„Genie ist 99 Prozent Transpiration und ein Prozent Inspiration“
Dieses Thomas Alva Edison zugeschriebene Zitat stammt aus einer Zeit lange bevor an künstliche Intelligenz überhaupt nur zu denken war.
Vermutlich können wir uns relativ schnell darauf einigen, dass das eine Prozent Genius nur schwer zu substituieren ist. Ich unterstelle, dass von den verbleibenden 99% ein großer Teil problemlos durch KI zu ersetzen ist, aber nicht alles.

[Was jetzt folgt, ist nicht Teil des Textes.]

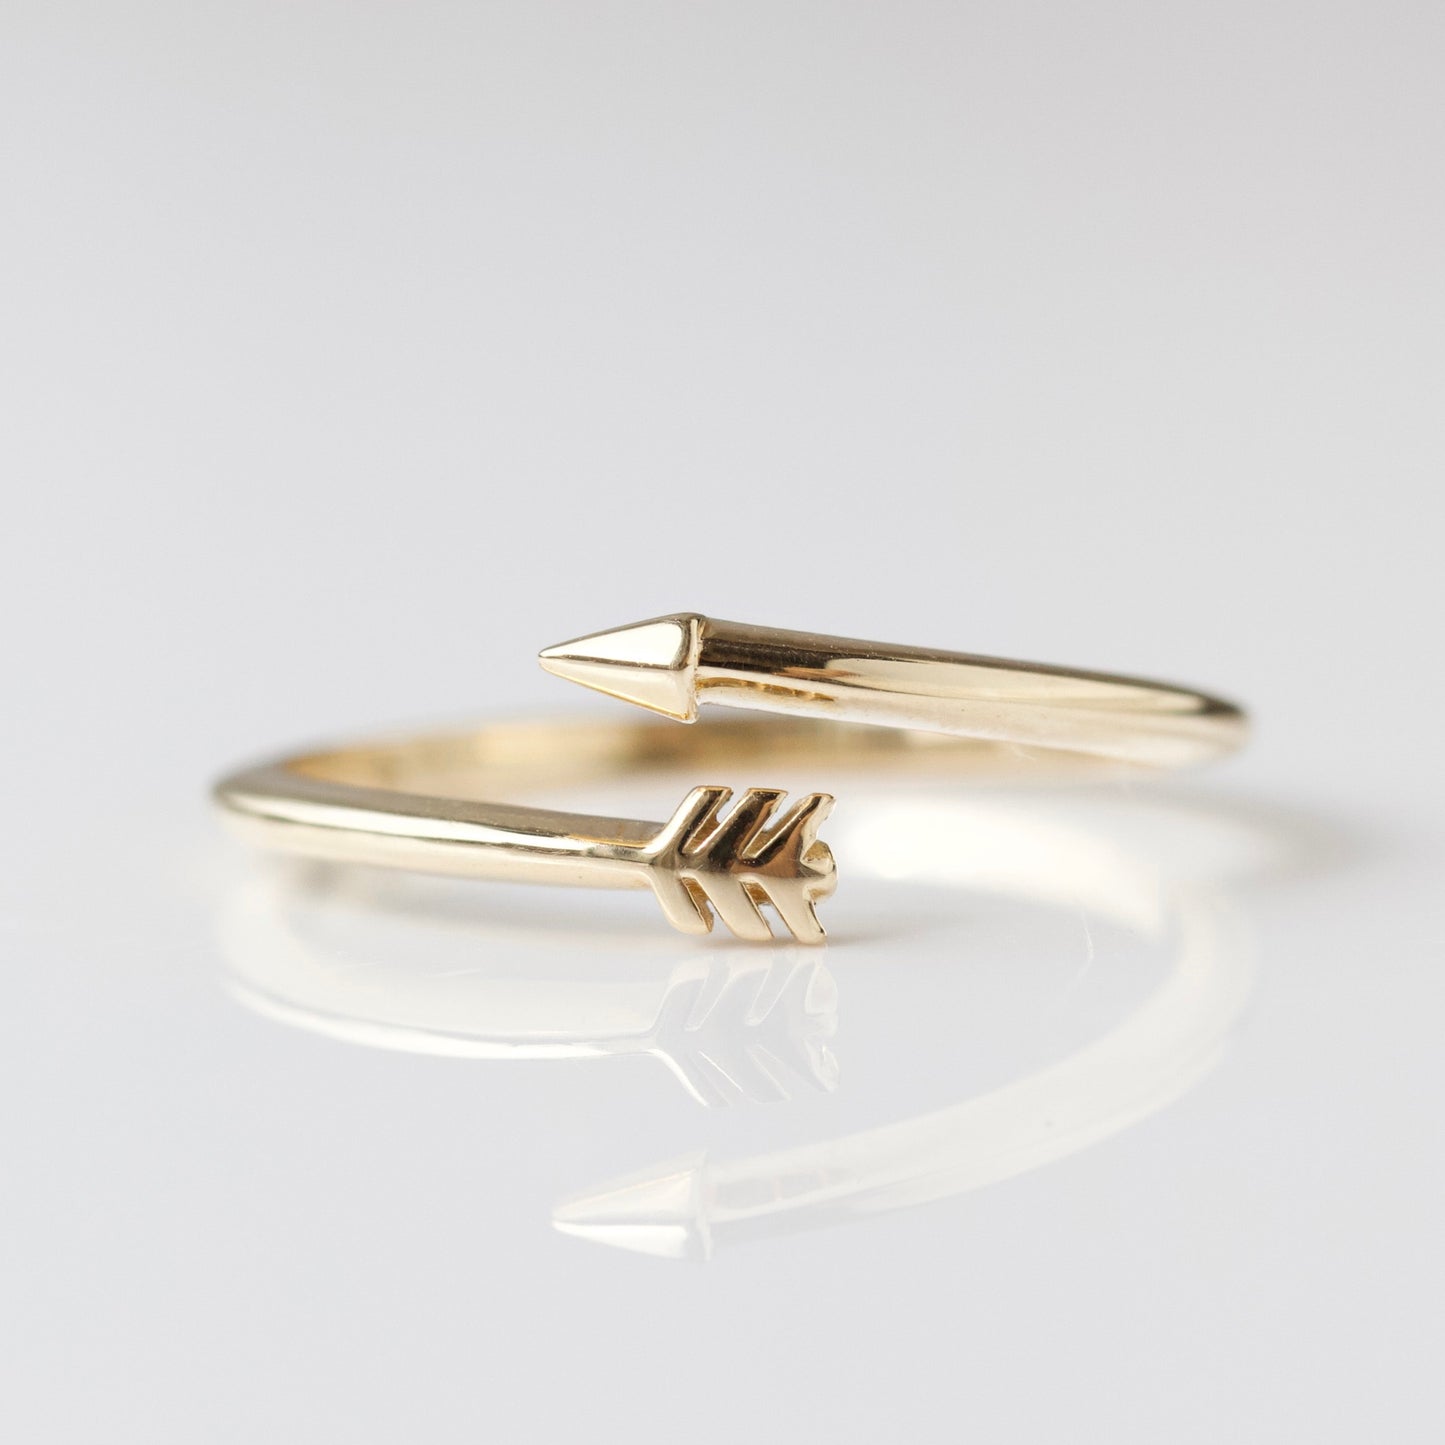 Solid gold cupids arrow ring

Neben dem 1% künstlerischem Schöpfungsakt ist nicht nur die Fleißarbeit, das Ausarbeiten, Notieren, Produzieren entscheidend dafür, ob am Ende ein eigenständiges Kunstwerk steht oder nette Dekoration, sondern auch das Probieren, das Scheitern, die Sackgassen und die individuellen Strategien des Kunstschaffenden, da wieder herauszufinden, egal ob in der bildenden oder darstellenden Kunst oder in der Musik.
Natürlich kann auch ein künstliches System so etwas ähnliches darstellen, kann den Zufall spielen lassen und dann sortieren, eine Art musikalische Mutationszüchtung durchführen. Eins ist das Ergebnis jedoch nicht: Auratisch.
Und etwas anderes stimmt mich skeptisch: Hat man viel mit Künstlern zu tun, stellt man gewisse Häufungen fest an Verhalten, das man eigentlich nicht gerne hinnimmt von seinem Gegenüber. Unter denen, die große Kunst machen, haben überdurchschnittlich viele auch einen großen Knall. Ja, es gibt auch die sozialkompetenten, umgänglichen großen Künstler. Die Regel ist das aber nicht. Der Star des Abends schaut jedem Rock hinterher? Geschenkt. Der Künstler behandelt seine Entourage und alle anderen herablassend? Das kann er sich leisten. Der große Meister rastet je nach Tagesform krass aus, feuert Mitarbeiter im Minutentakt und schreit herum? Das gehört halt dazu.
Müsste man der KI also erst einmal angewöhnen, ein Arschloch zu sein? Oder sollten wir genau das sein lassen?
Möglicherweise gibt es auch ein ganz grundsätzliches Problem: KI - Modelle funktionieren, weil sie das Wahrscheinliche, das Erwartbare, das Sinnvolle tun. Künstler funktionieren, weil sie das Unwahrscheinliche, das Unerwartete, das Sinnlose tun.